Example 9 (1) Triethylamine is added to the hexamethylene glycol solution of the methylated wood flour obtained in Example 1 to neutralize it.

(2) Formation of foamed resin from solbo-rinsed methylated wood flour solution To the methylated wood flour solution obtained as described above, add an equal amount by weight of diethylene glycol diglycidyl ether, and further add triethylamine to make the solution alkaline. Add 5% by weight of sodium carbonate to the mixture and heat to 150°C. Resin formation accompanied by foaming begins in a few minutes, and a foam is obtained. Further, it is cured in this state for 1 hour to obtain a resinized foam.

The product is a sponge-like flexible foamed resin body with a specific gravity of about 0.2 and a yellowish brown color.

Example lo (1) The ethylated wood flour obtained in Example 4 is used to perform phenolysis. Weigh out 10 g of phenol into a 30 ml round bottom flask, heat it to 60°C to melt it, and then
Add 1.23 m of 5% aqueous hydrochloric acid solution and mix. Then, add 5 g of ethylated wood flour and let it stand at 80°C for 30 minutes, then stir in that state for 30 minutes. At the end of the process, the ethylated wood flour is It dissolves into a brown viscous solution.

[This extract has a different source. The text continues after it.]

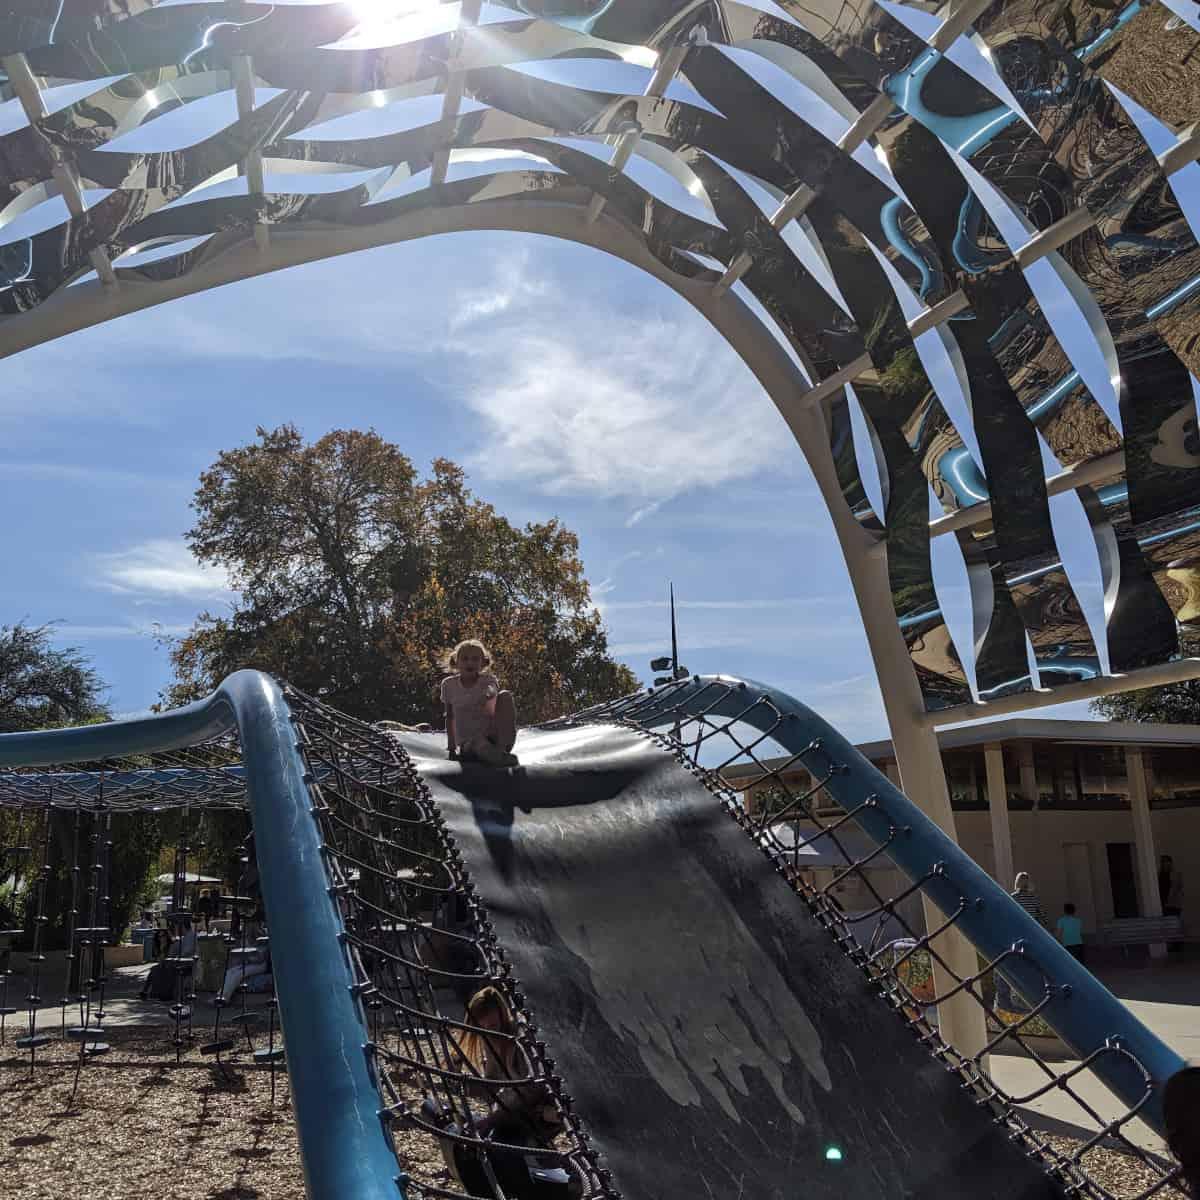 San Antonio Hemisfair Park Playground

(2) Formation of foamed resin from solvolyzed ethylated wood flour The ethylated wood flour solution obtained as described above was made alkaline with a 40% caustic soda aqueous solution, and then formalin (
A 40% aqueous solution) was added in an equal volume to the ethylated wood flour solution and reacted at 100° C. for 60 minutes under stirring. At the end of the process, a brown viscous ethylated wood powder modified resol is obtained. Next, when 30% phenolsulfonic acid and 5% petroleum ether by weight were added and stirred, foaming started due to the vaporization of the ether due to self-heating due to condensation in a few minutes, and a resinized foam was formed in about 20 minutes. is obtained. 1 more
Post-cure for 2 hours at 20°C. The specific gravity of the product is 0.03
It is a resin-like substance that is light brown in color.

Claims (1)

[Scope of Claims] 1. A wood foam obtained by foaming and curing a solution in which chemically modified wood is dissolved in an organic solvent having an active group that can be polymerized. 2. It is characterized by dissolving the chemically modified wood in an organic solvent having an active group that can be polymerized, and then adding a crosslinking agent or a curing agent and, if necessary, a foaming agent to the solution and foaming and curing it. Method for manufacturing wood foam.